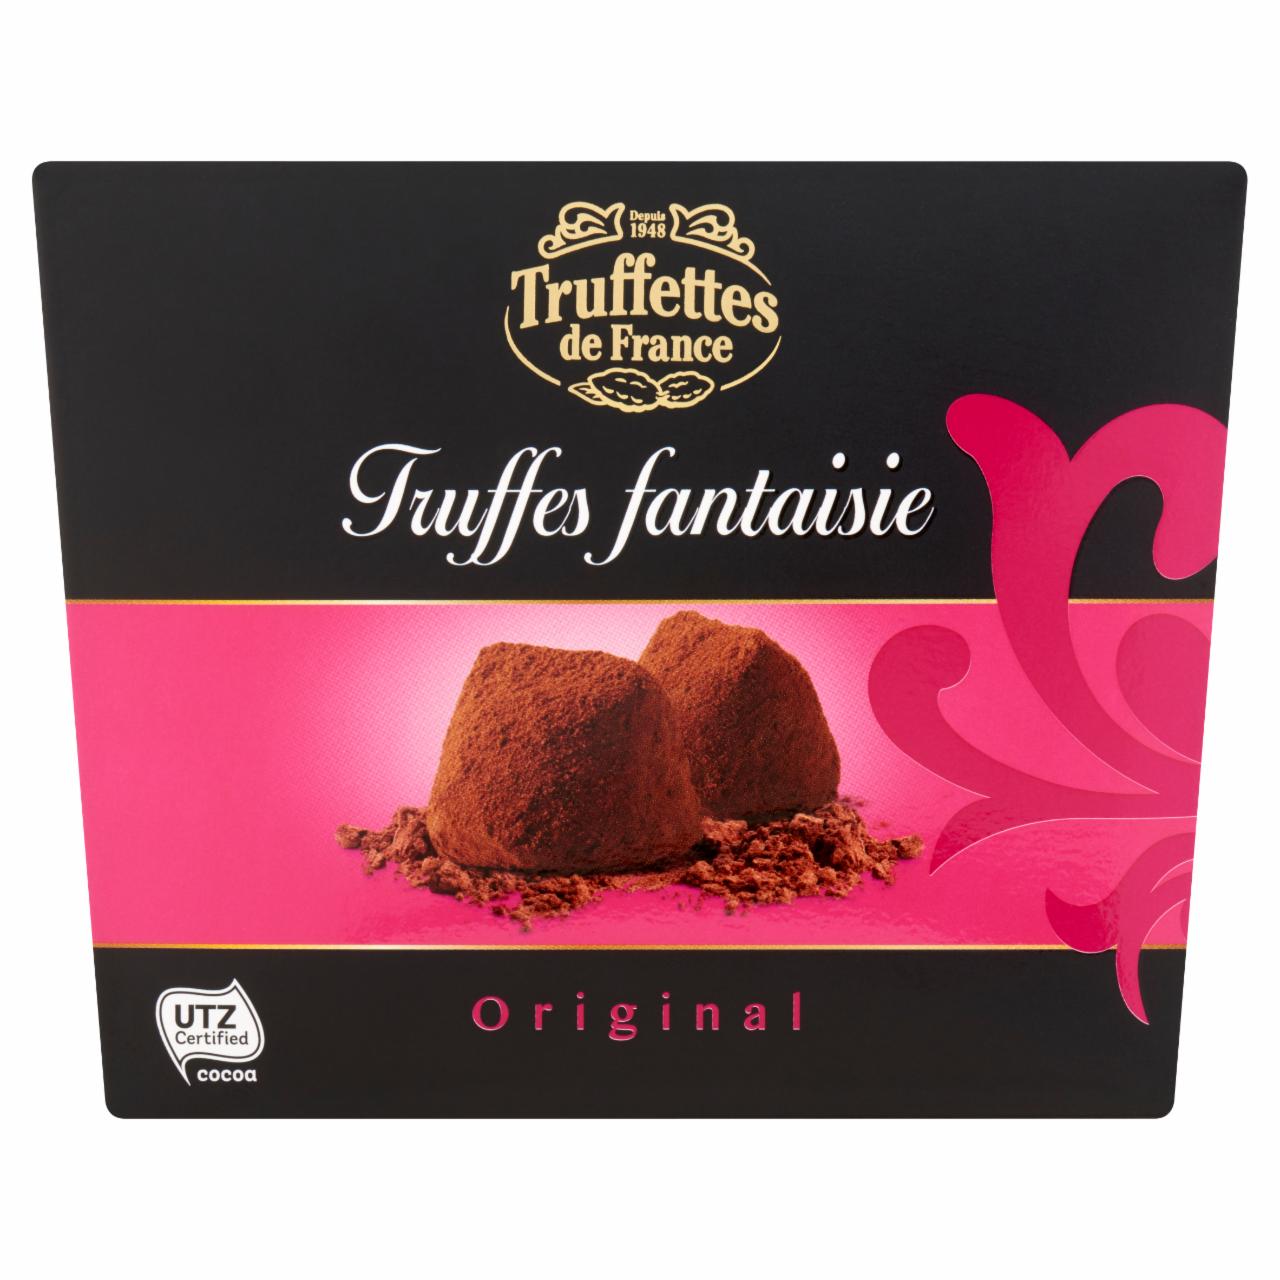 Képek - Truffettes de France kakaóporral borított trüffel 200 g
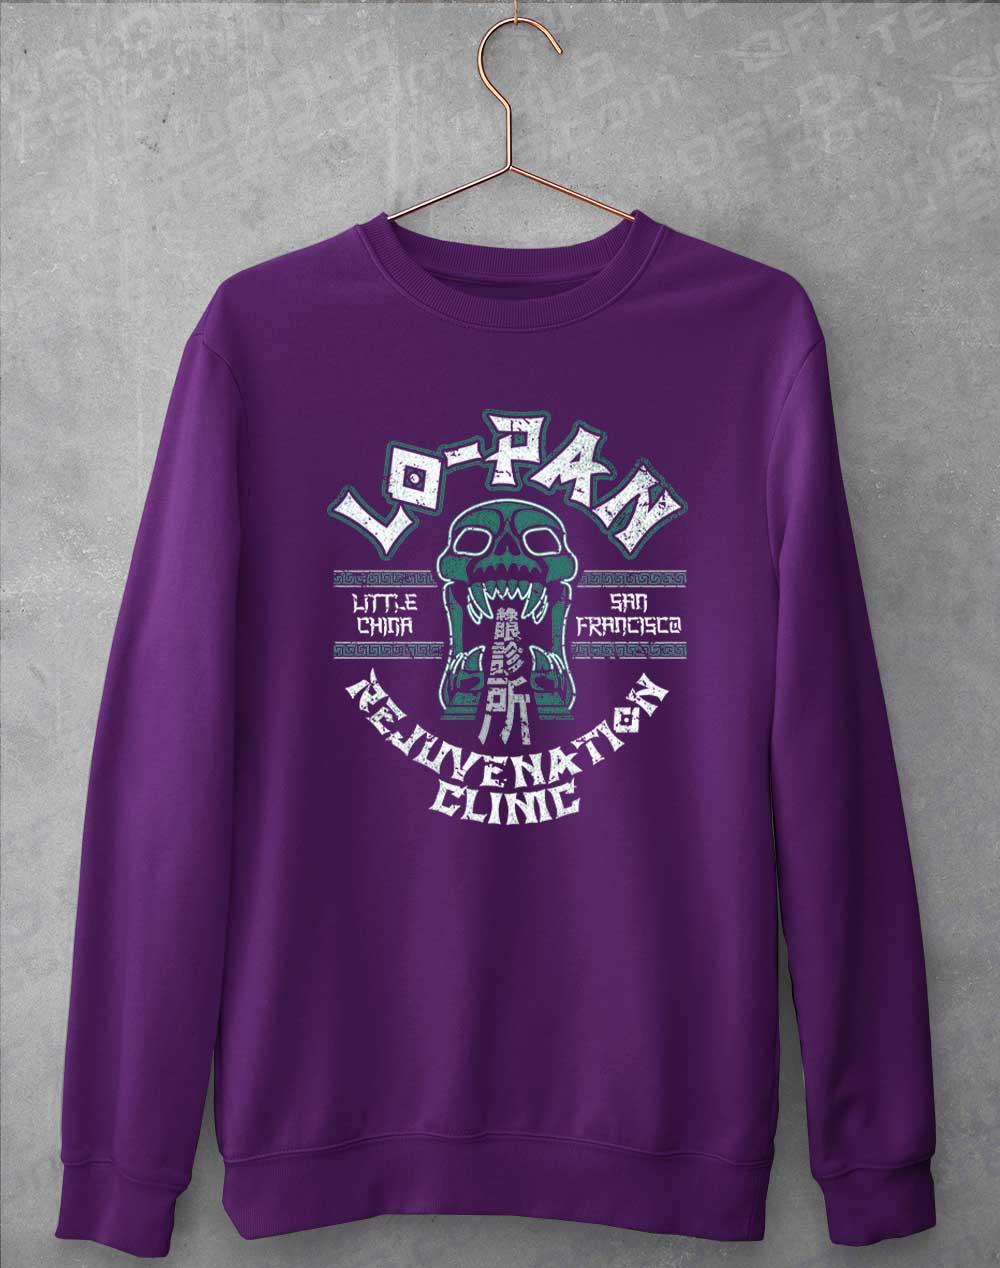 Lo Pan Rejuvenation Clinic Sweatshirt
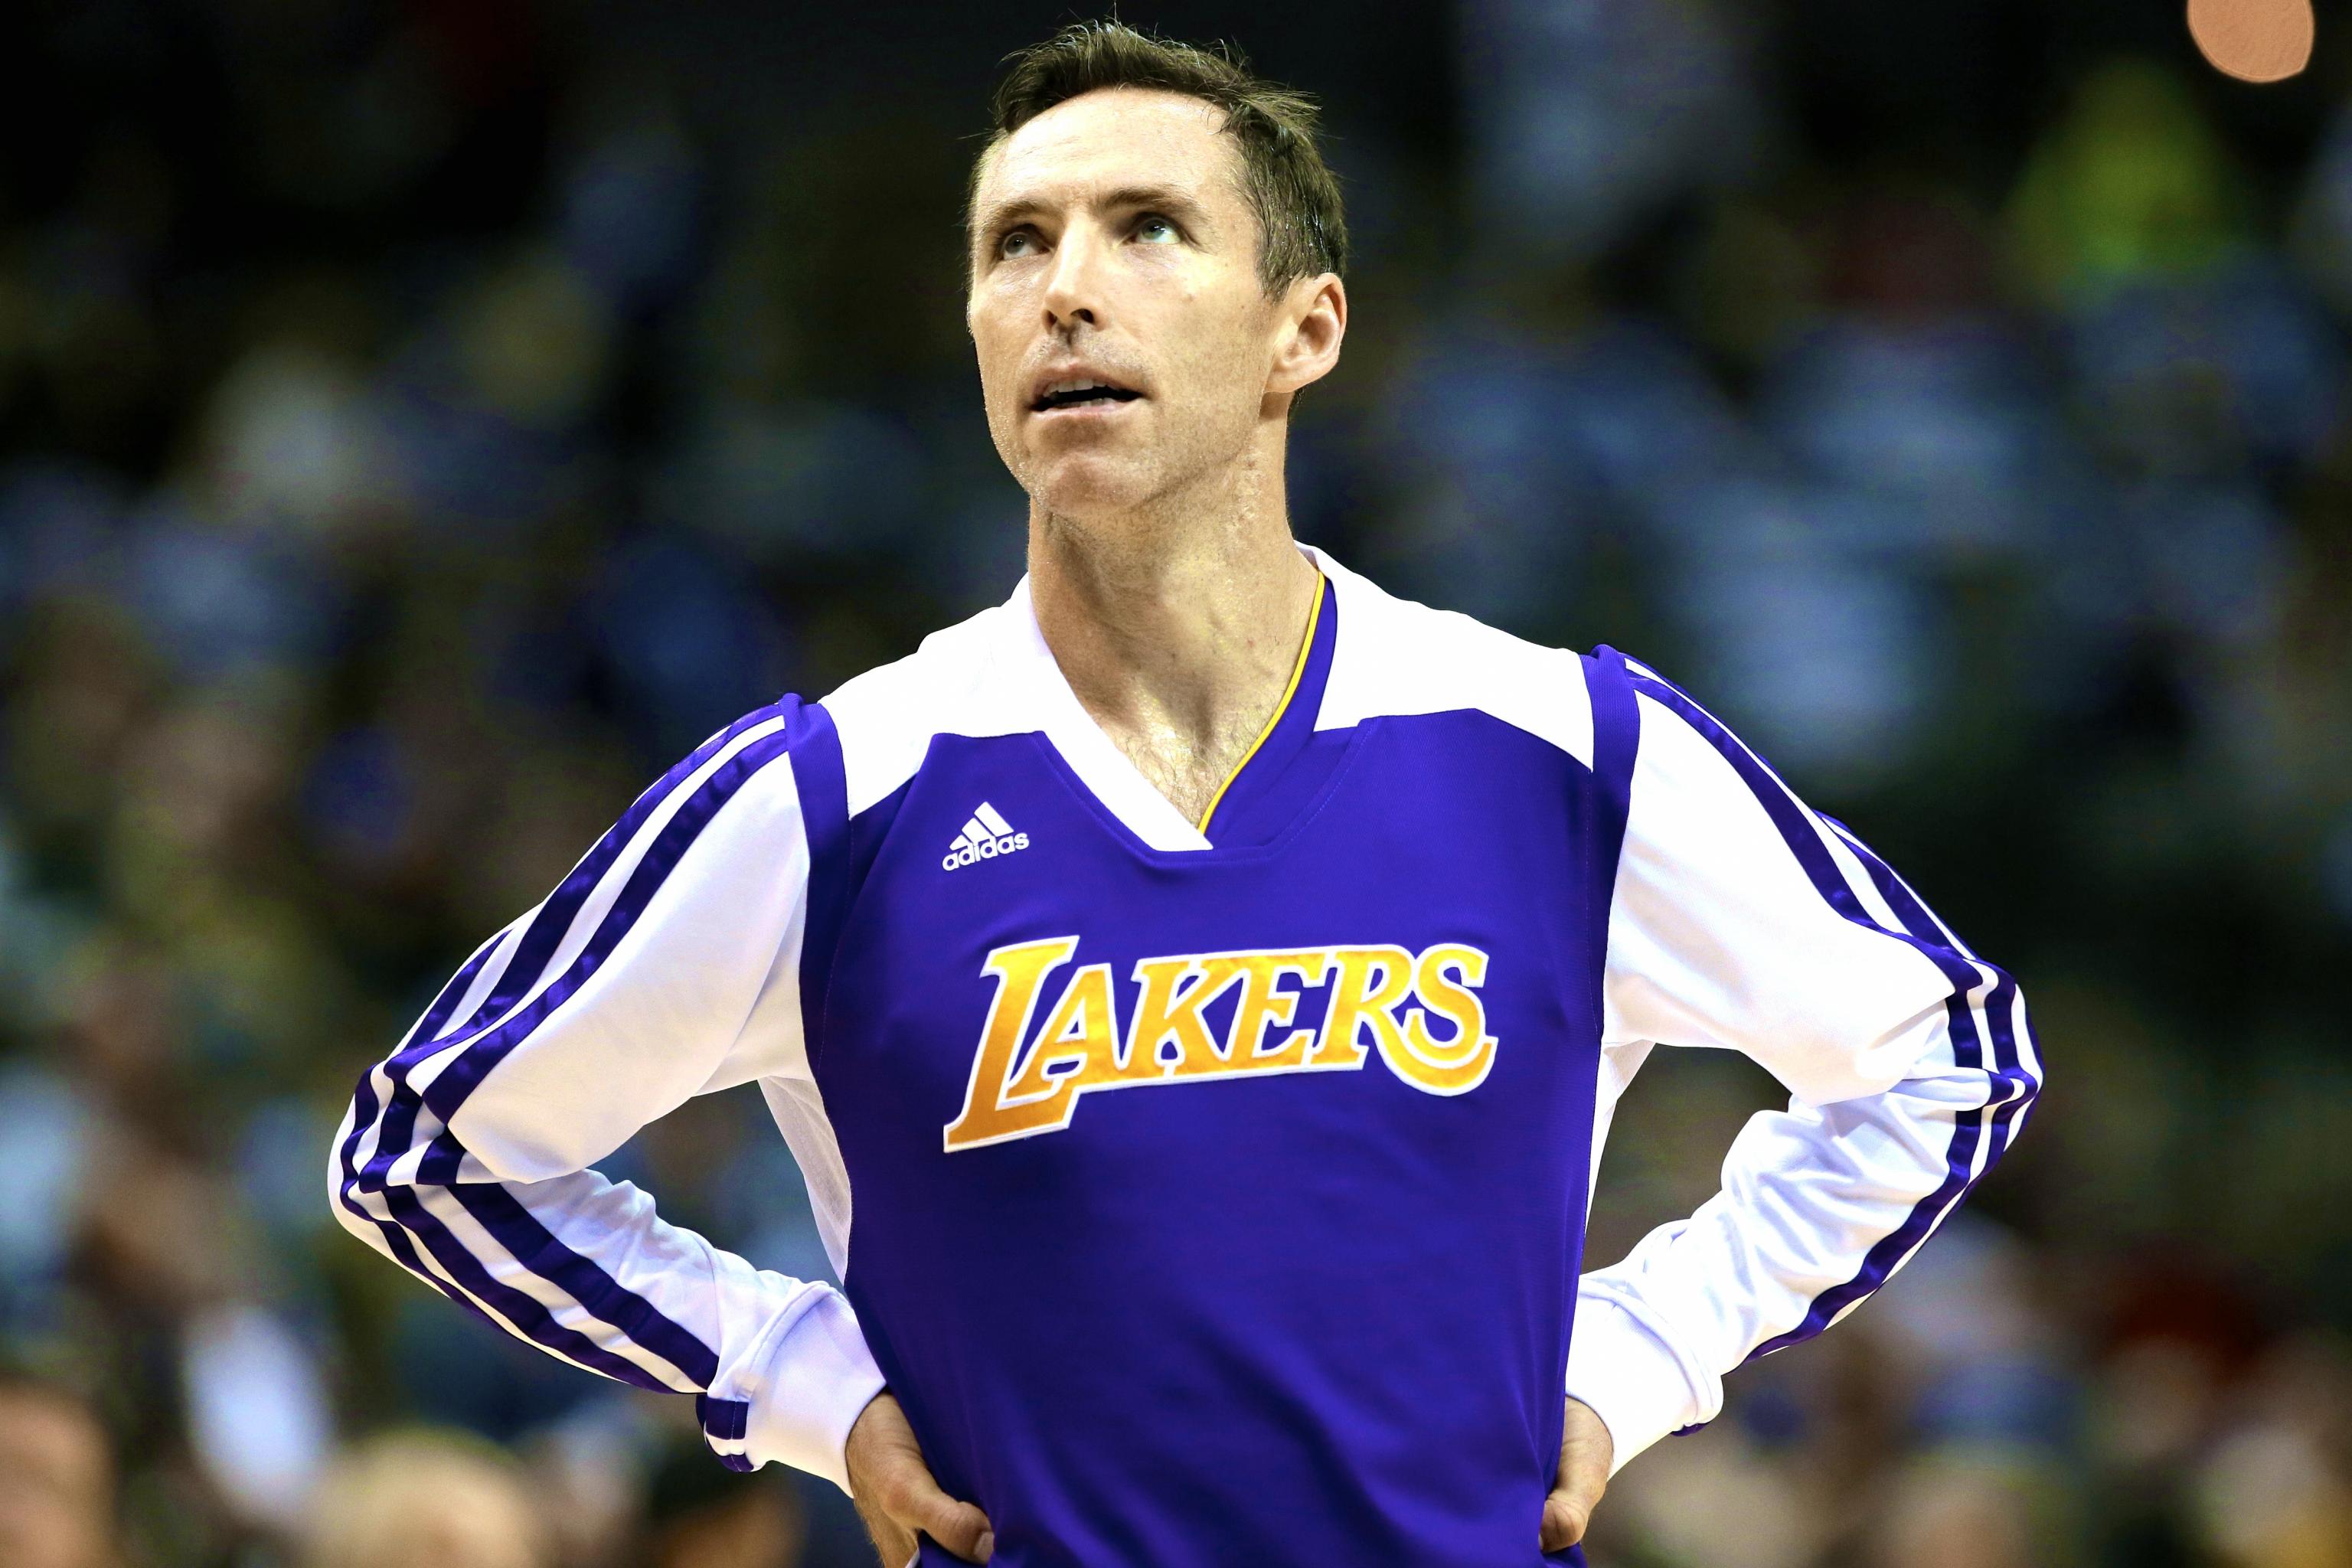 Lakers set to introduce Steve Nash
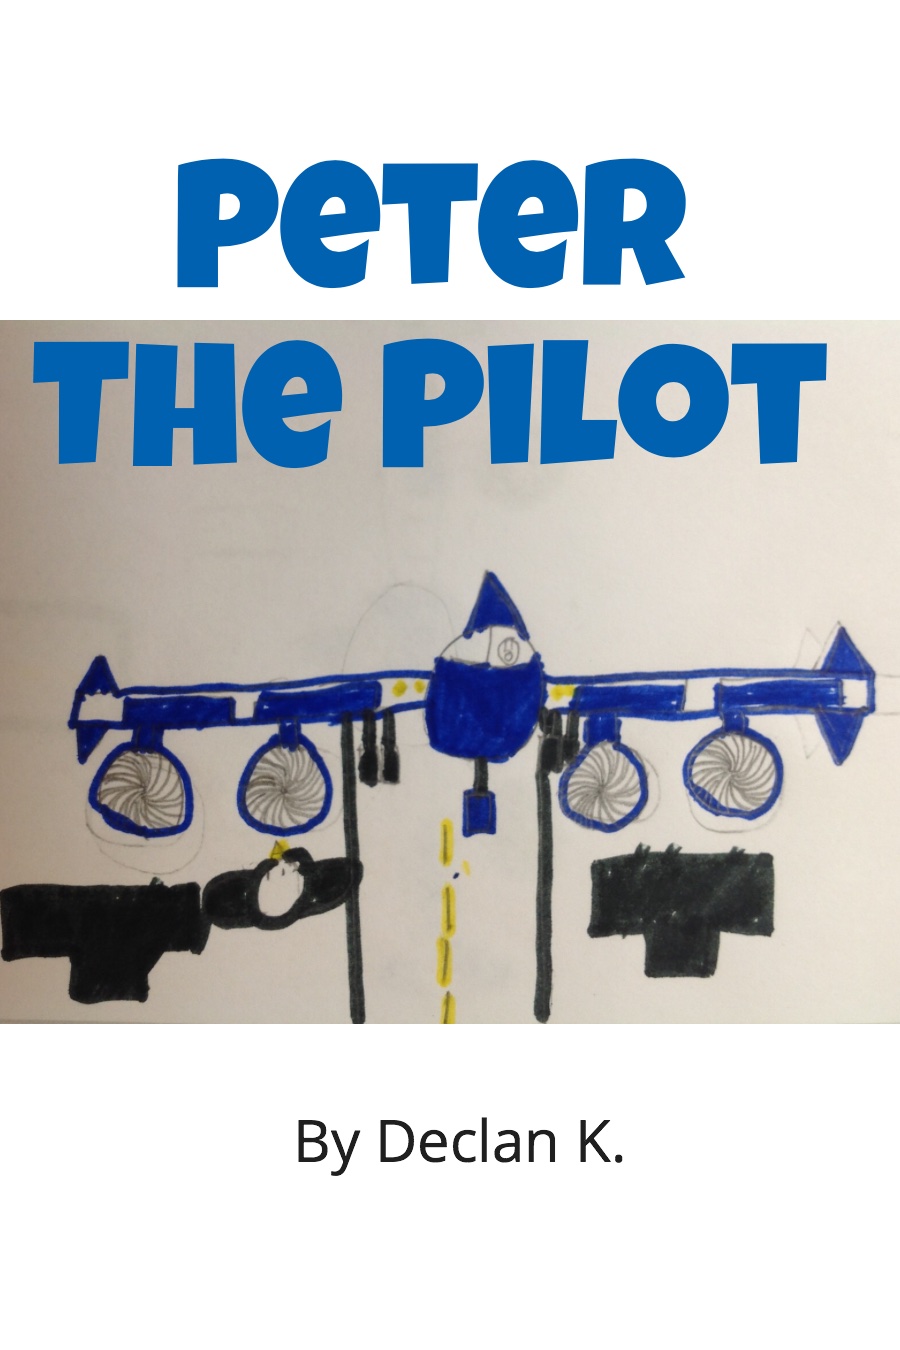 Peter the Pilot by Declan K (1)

REQUIREMENT>
Without the pictures, reproduce each line from the one containing "Lo Pan Rejuvenation Clinic Sweatshirt" through the last line of the material above, both of those lines included.

ANSWER SECTION>
 Lo Pan Rejuvenation Clinic Sweatshirt
 Lakers set to introduce Steve Nash
 Peter the Pilot by Declan K (1)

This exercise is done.